Auditors of REITs and InvITs should take note of the revised corporate governance requirements and key changes introduced with respect to their tenure, undertaking limited review of audit of all the entities or companies whose accounts are to be consolidated etc. Additionally, auditors should also engage with the companies issuing debt securities regarding the revised regulatory requirements introduced by SEBI.

Regulation 102 of the LODR Regulations empowers SEBI to exempt certain entities from the strict enforcement of the requirement(s) of the LODR Regulations under certain circumstances, which include:

  1. Any provision of Act(s), Rule(s), Regulation(s) under which a listed entity is established or is governed by, or is required to be given precedence to
  2. The requirement may cause undue hardship to investors
  3. The disclosure requirement is not relevant for a particular industry or class of listed entities
  4. The requirement is technical in nature
  5. The non-compliance is caused due to factors affecting a class of entities but being beyond the control of the entities.

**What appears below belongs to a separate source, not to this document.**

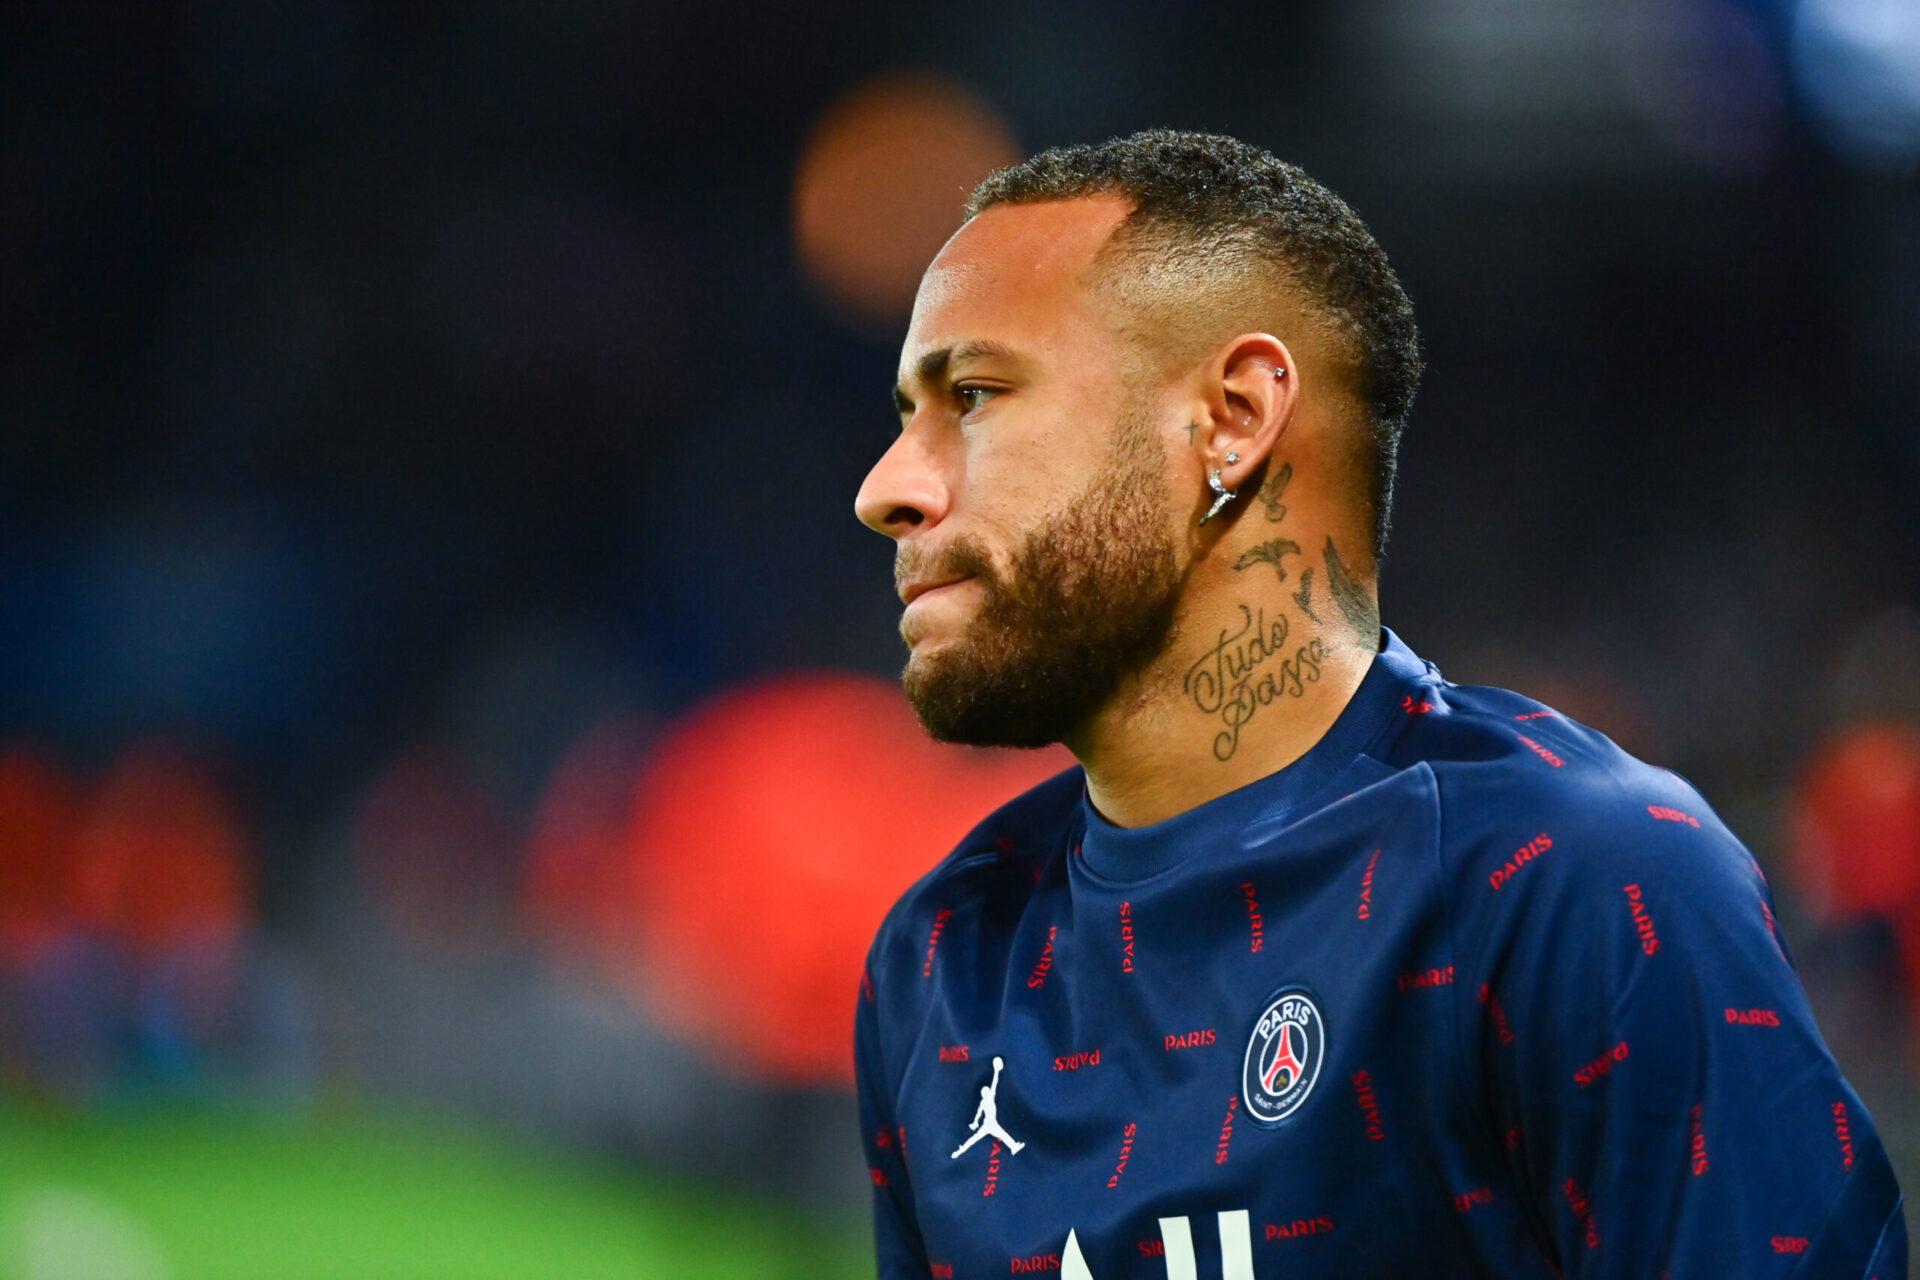 La santé mentale de Neymar, considéré comme une superstar dès son plus jeune âge, semble bien entamée. Icon Sport

Recently, SEBI, vide a notification dated 5 December 2022 issued certain amendments12 to Regulation 102 of the LODR Regulations (the amendments). The amendments have inserted an additional criterion to the above specified circumstances and provide that SEBI may, after taking into consideration the interest of investors and securities market, relax the strict enforcement of the requirement(s) of the LODR Regulations, if an application is made by the Central Government with respect to its strategic disinvestment in a listed entity.

Effective date: The amendments are effective from the date of publication in the Official Gazette, i.e., 5 December 2022.


  1. The amendment has been issued vide the SEBI LODR (Seventh Amendment) Regulations, 2022 (LODR Amendment Regulations).